→ **Data section**:
○ ○ ○

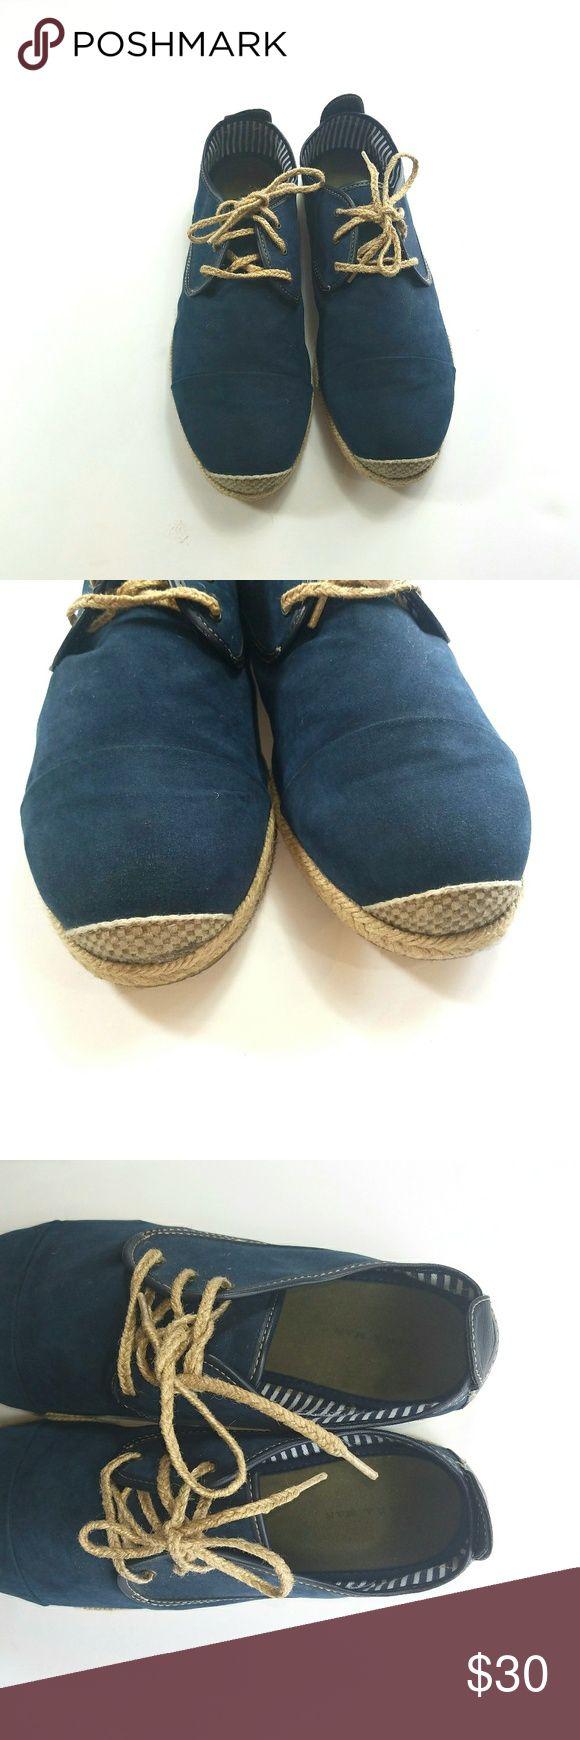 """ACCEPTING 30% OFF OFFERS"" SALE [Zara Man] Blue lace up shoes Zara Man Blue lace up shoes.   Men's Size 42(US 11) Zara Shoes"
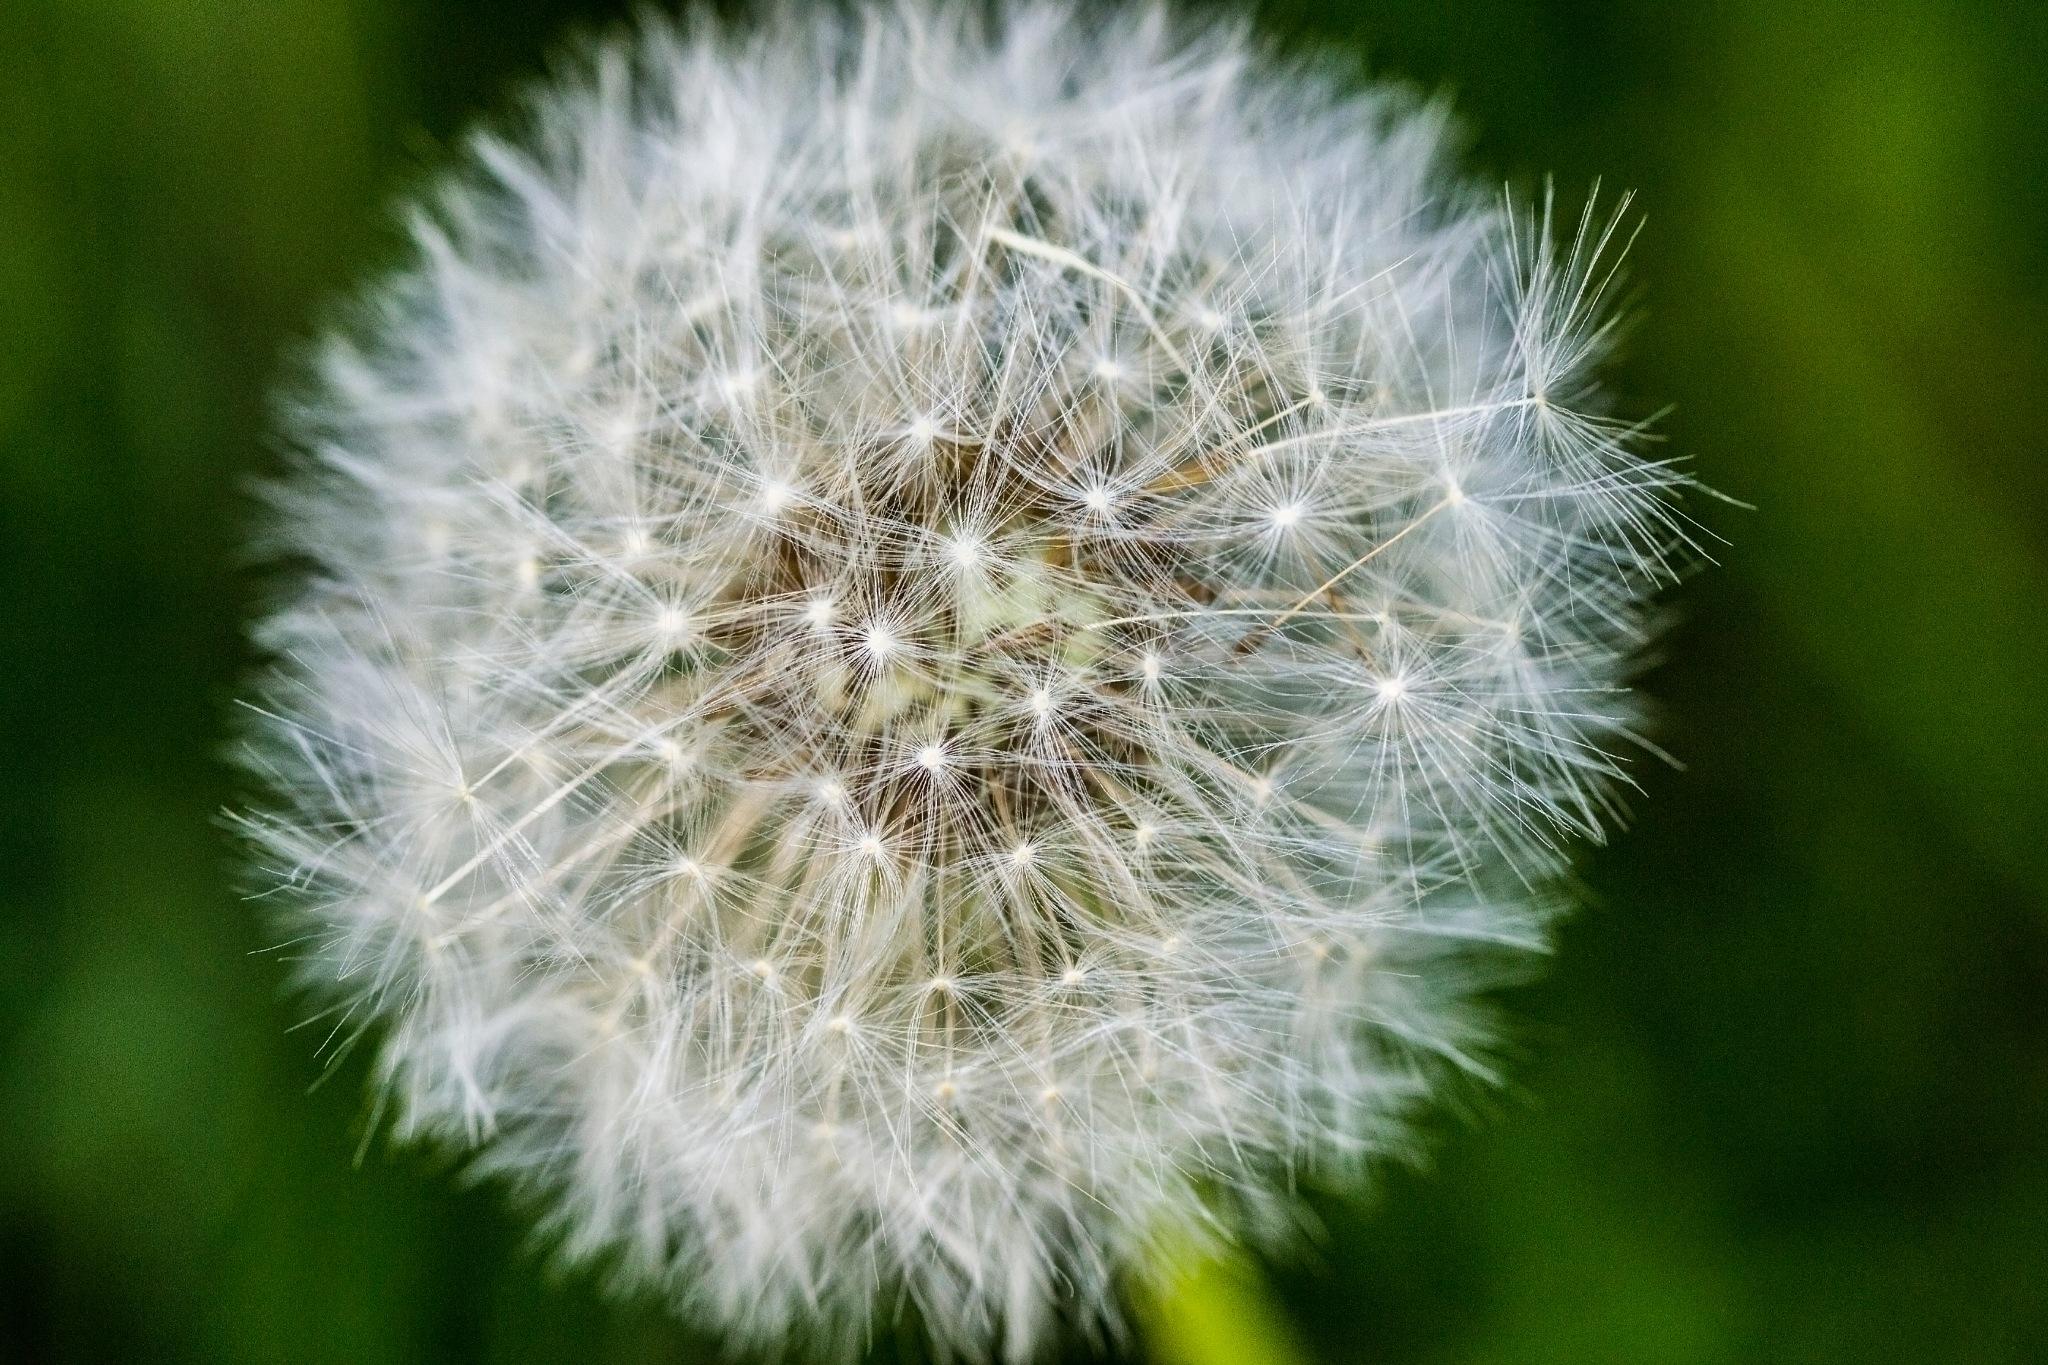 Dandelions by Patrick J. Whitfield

○ ○ ○

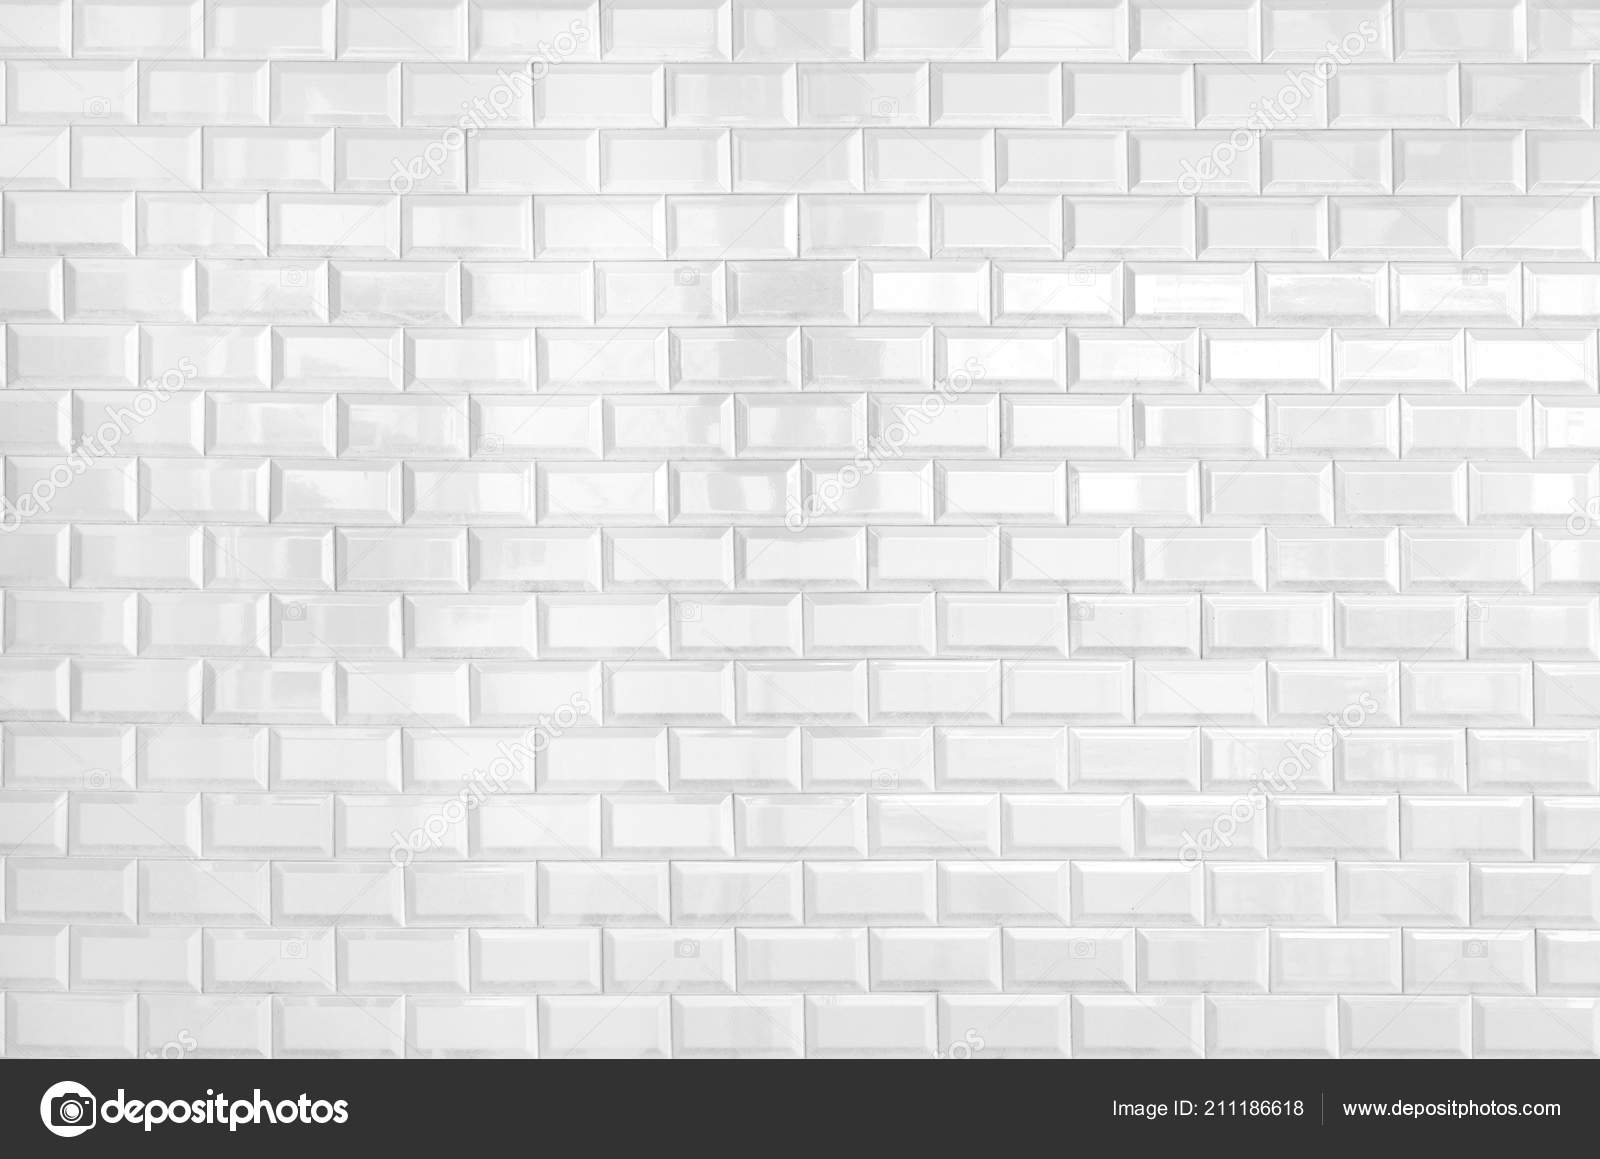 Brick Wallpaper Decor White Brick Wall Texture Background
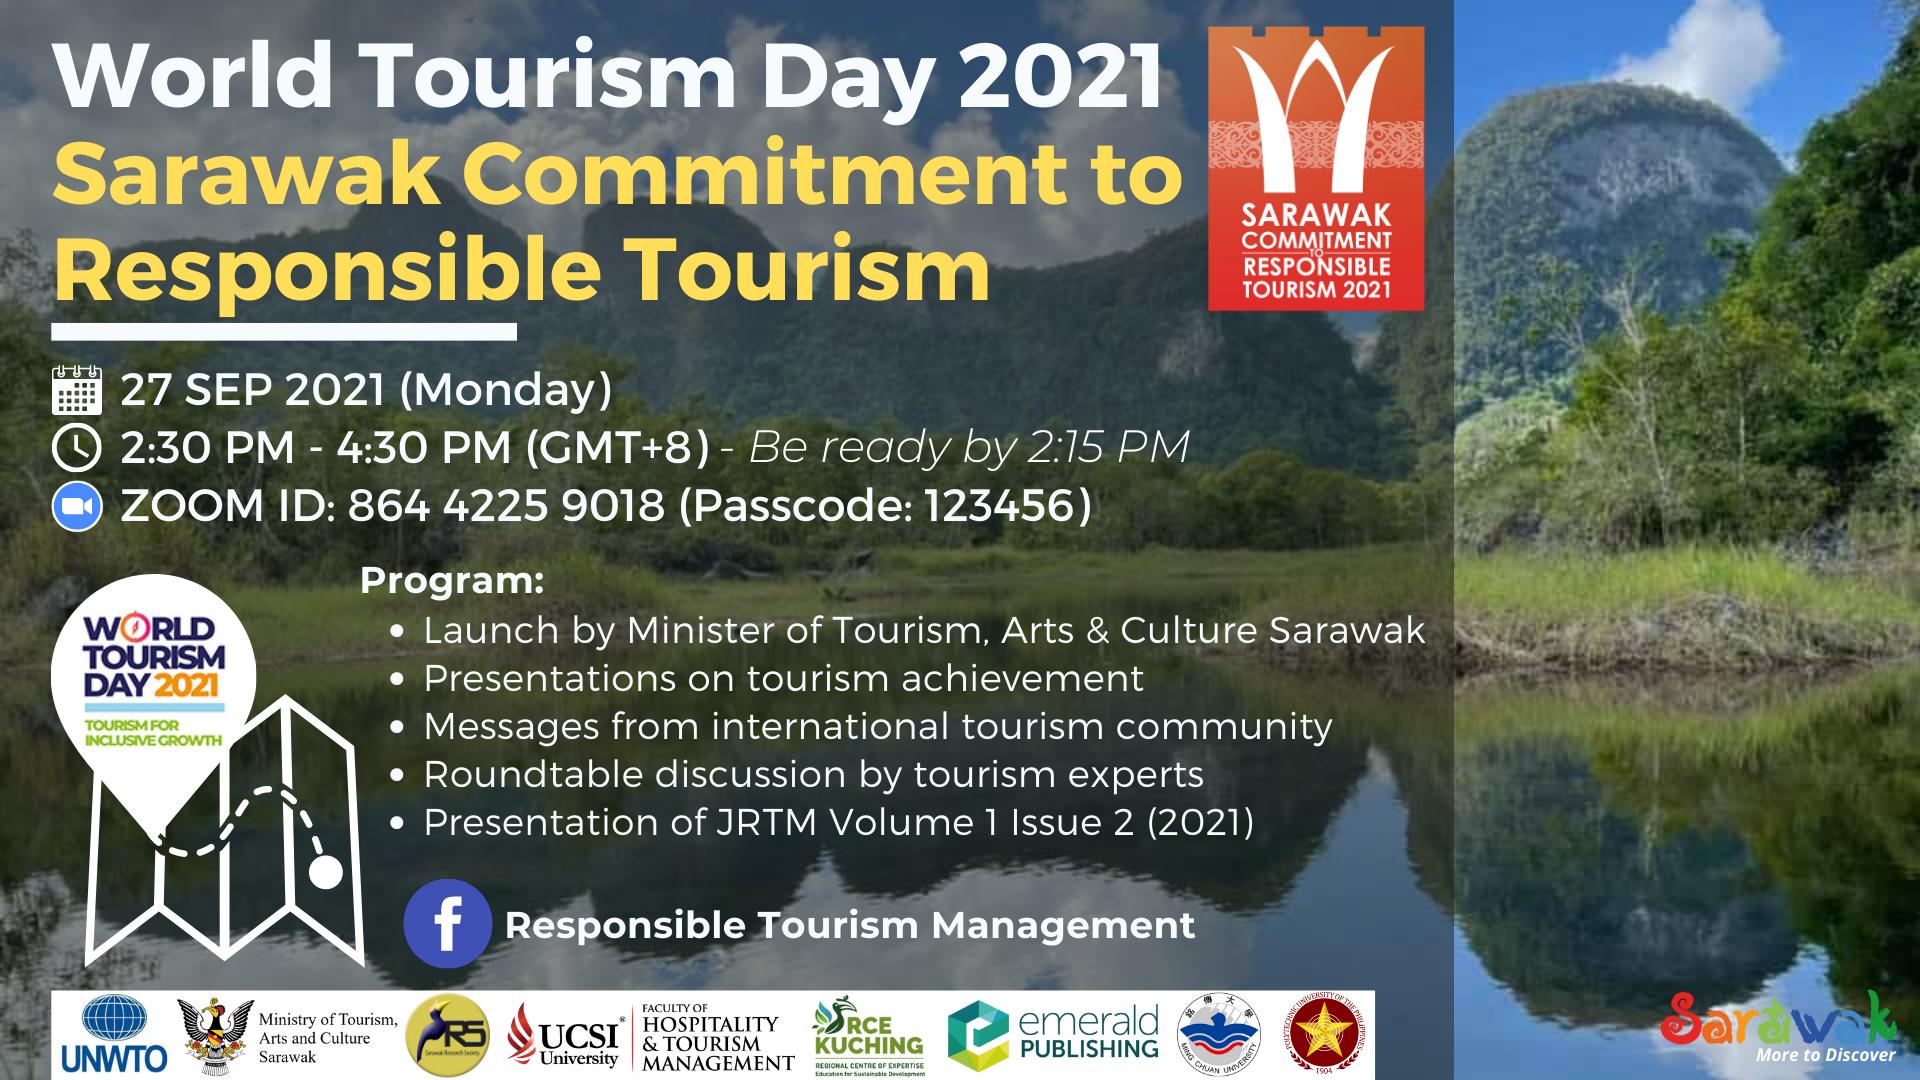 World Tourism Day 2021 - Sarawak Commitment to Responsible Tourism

○ ○ ○

→ **Exercise**: Leaving out the pictures, please output the lines in the entries above from the one with "Brick Wallpaper Decor" through the one with "World Tourism Day", exactly as they are.

→ **Output of the exercise**:
 Brick Wallpaper Decor White Brick Wall Texture Background
 World Tourism Day 2021 - Sarawak Commitment to Responsible Tourism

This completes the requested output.